» **RECORDS FOR PROCESSING**
···

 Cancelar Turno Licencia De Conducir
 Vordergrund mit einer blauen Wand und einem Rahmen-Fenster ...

···

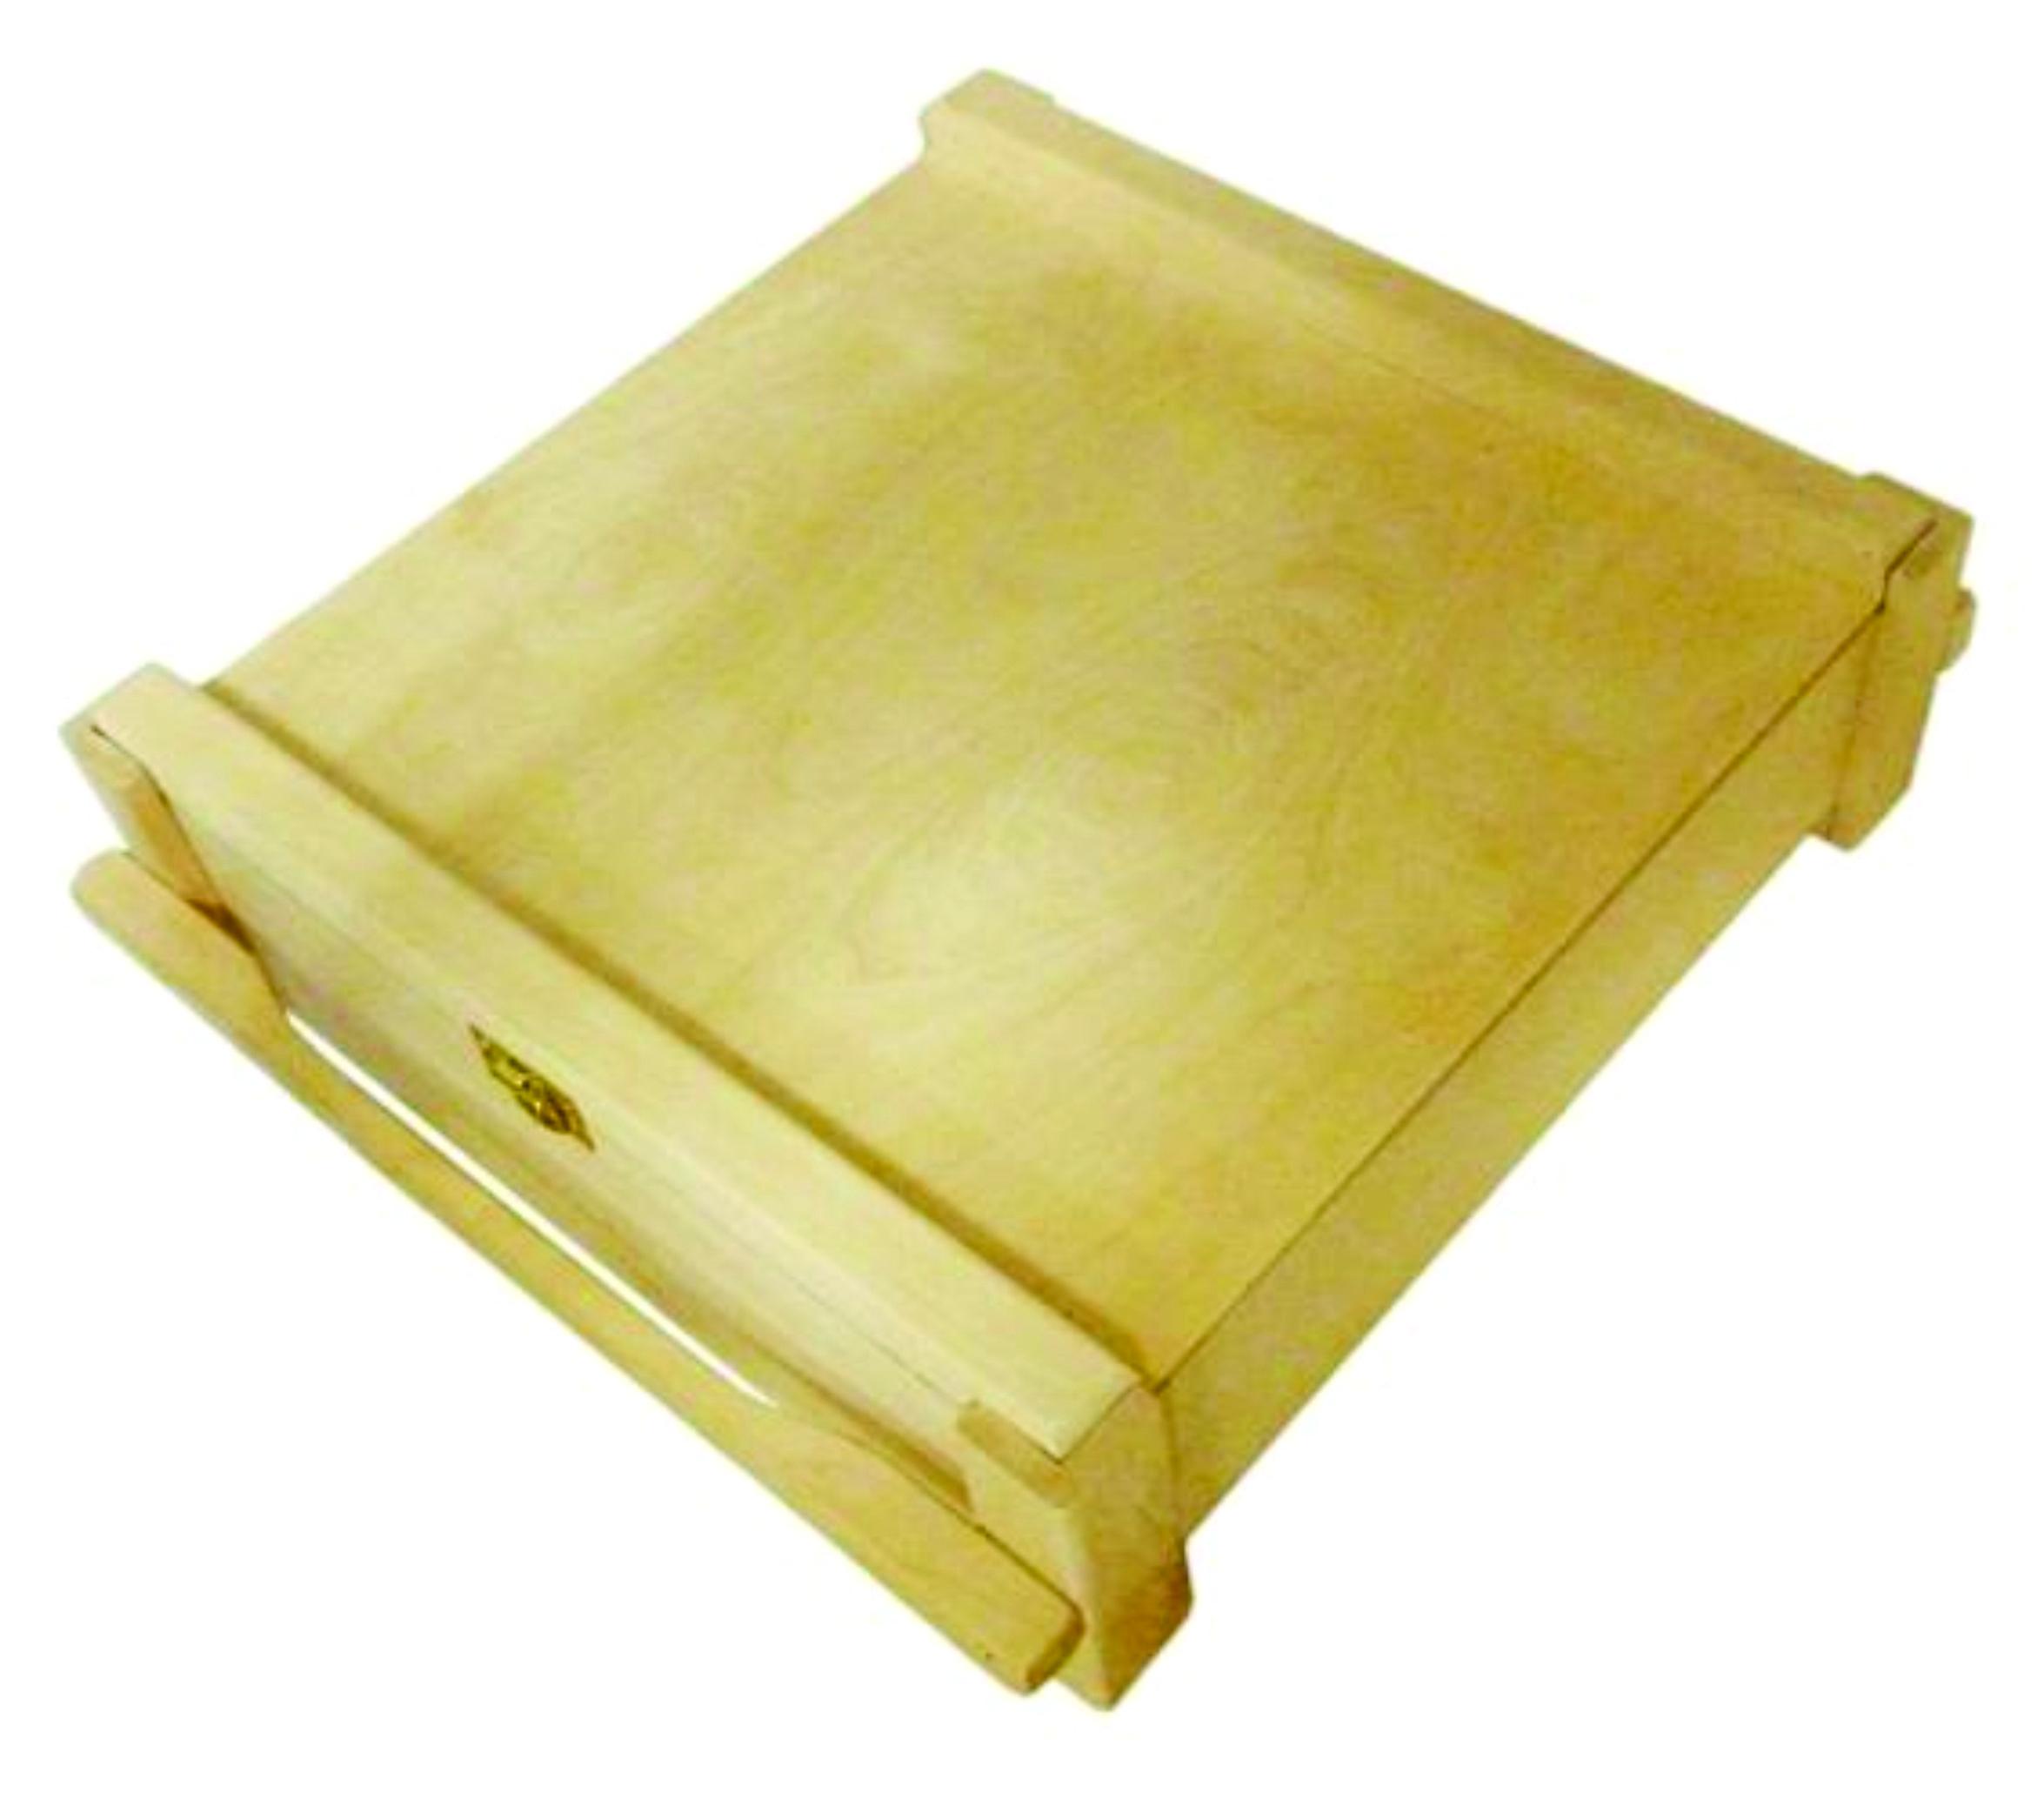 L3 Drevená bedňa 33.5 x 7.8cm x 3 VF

···

» **YOUR TASK**
Copy range, inclusive: the line holding "Cancelar Turno Licencia De Conducir" to the line holding "Vordergrund mit einer". Reproduce exactly those lines of the records above and no others.

» **WORKED SOLUTION**
 Cancelar Turno Licencia De Conducir
 Vordergrund mit einer blauen Wand und einem Rahmen-Fenster ...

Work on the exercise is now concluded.